Secretary of Finance Stephen E. Cummings provided additional detail on FY 2023 revenues, including major obligations for unanticipated revenues and several elements of uncertainty regarding the outlook for FY 2024 and beyond.  Although FY 2023 General Fund (GF) revenues declined by $1 billion from FY 2022 levels (a 3.5 percent reduction), revenues outperformed the December 2022 projection of an 8.8 percent reduction.  As a result, revenues exceeded the December 2022 forecast by $1.45 billion.  Relative to the forecast embedded in the “skinny budget” (which is based on the revenue estimates used in the 2022 Appropriation Act and actions taken by the 2023 General Assembly), FY 2023 GF revenues exceeded these assumptions by approximately $3 billion.  There are also $1.6 billion in unspent appropriations (some of which are required to be reappropriated).

As outlined by Secretary Cummings, there are a number of claims on these surplus resources.  In addition to the required reappropriations, approximately $289.6 million is required to be deposited to the Revenue Reserve Fund (a deposit to the Constitutionally-mandated Revenue Stabilization Fund is not required).  More than $513 million is required for the Water Quality Improvement Fund (parts A and B).  The 2022 Appropriation Act included language directing certain surplus revenues to improvements to I-64 ($150 million), the Virginia Business Ready Sites Program Fund ($50 million), and the Major Headquarters Workforce Grant Fund ($35.5 million).  The Governor also set aside $2.1 billion in a reserve account for additional taxpayer relief and other budgetary priorities; Secretary Cummings indicated that that this reserve could provide a cushion against an economic downturn that is more severe than anticipated, as well as for refunds that may be required as part of the state’s new Pass-Through Entity Tax (PTET), the timing of which is injecting “noise” into the state’s forecasting process.

Governor Youngkin noted that the Administration continues to expect a recession in FY 2024, and Secretary Cummings reported that the Governor’s Advisory Council on Revenue Estimates also anticipates a slowdown in FY 2024, with a “modest recession” the consensus view at GACRE’s August 7 meeting.  Risk factors outlined by Secretary Cummings included the potential for additional interest rate increases by the Federal Reserve; ripple effects of a slowdown in the Chinese economy; and a potential federal shutdown later this fall, as well as the uncertainty surrounding PTET implementation.

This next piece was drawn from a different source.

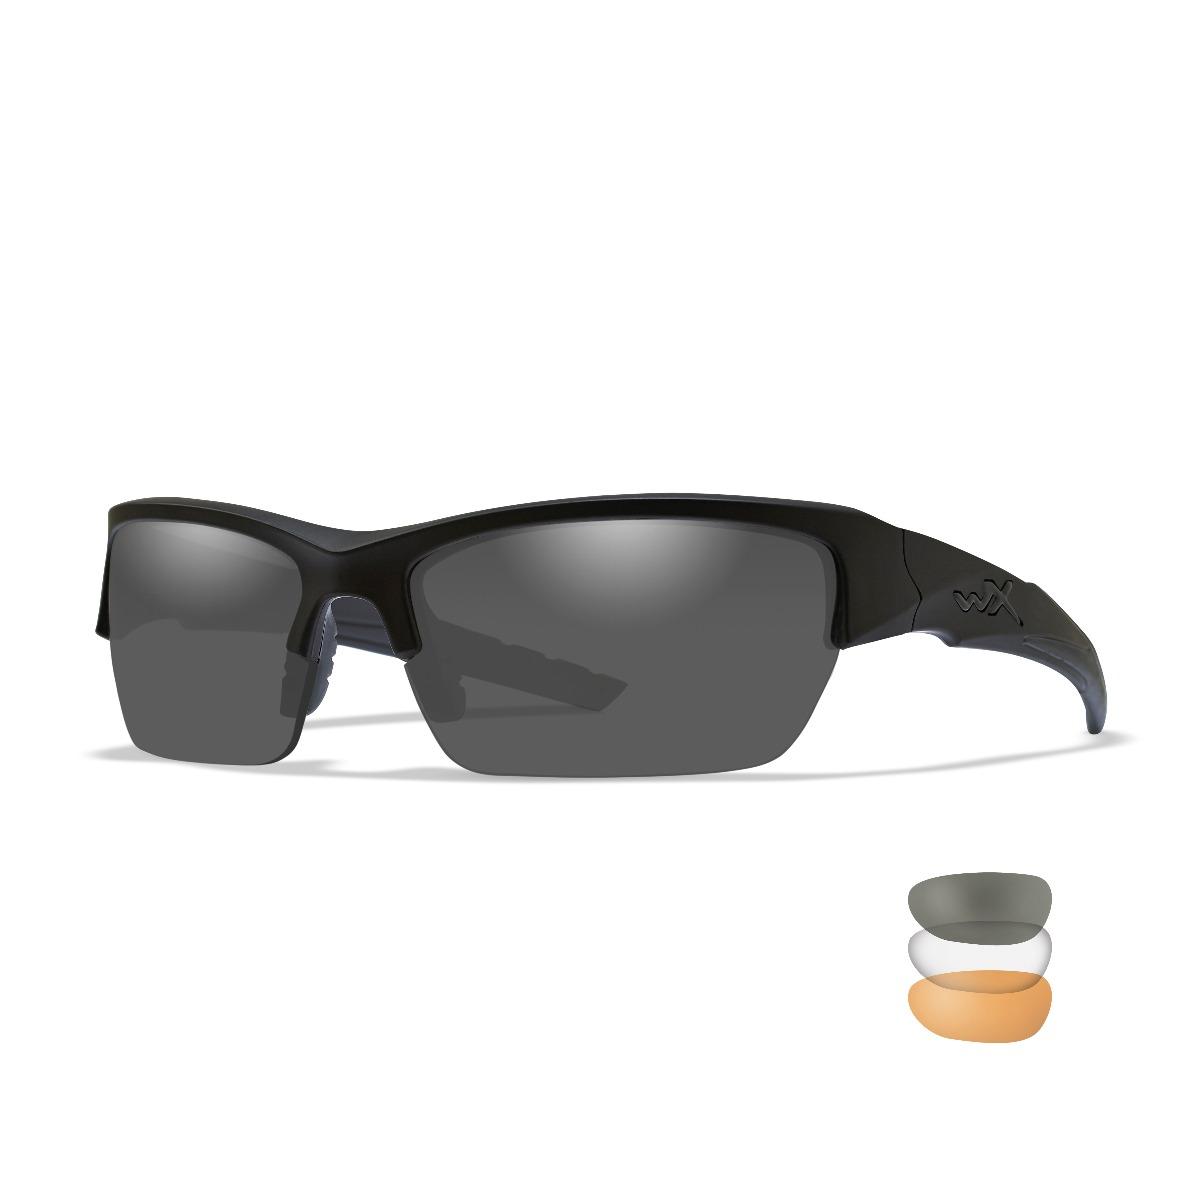 WILEY X Eyewear Valor Safety Glasses Kit Matte Black Frame

Budget preparation for the 2024 General Assembly session is well underway at the state agency level, and the Joint Advisory Board of Economists will meet in October, followed by another meeting of the Governor’s Advisory Council on Revenue Estimates in November to review the revenue forecast for the 2024-2026 biennium.  The Governor will present proposed amendments to the FY 2024 budget (the “caboose” budget) and a proposed 2024-2026 biennium budget to the money committees on December 20.

Negotiations on the current biennium budget were set to resume after the conclusion of the money committees’ meeting on Wednesday.  As of the publication of this edition of County Connections, media reports have indicated that the framework of an agreement on tax policy has been reached, with the Governor indicating that he would not oppose the reported compromise, and conferees are negotiating on spending items.  VACo will report on the contents of any agreement once it becomes available.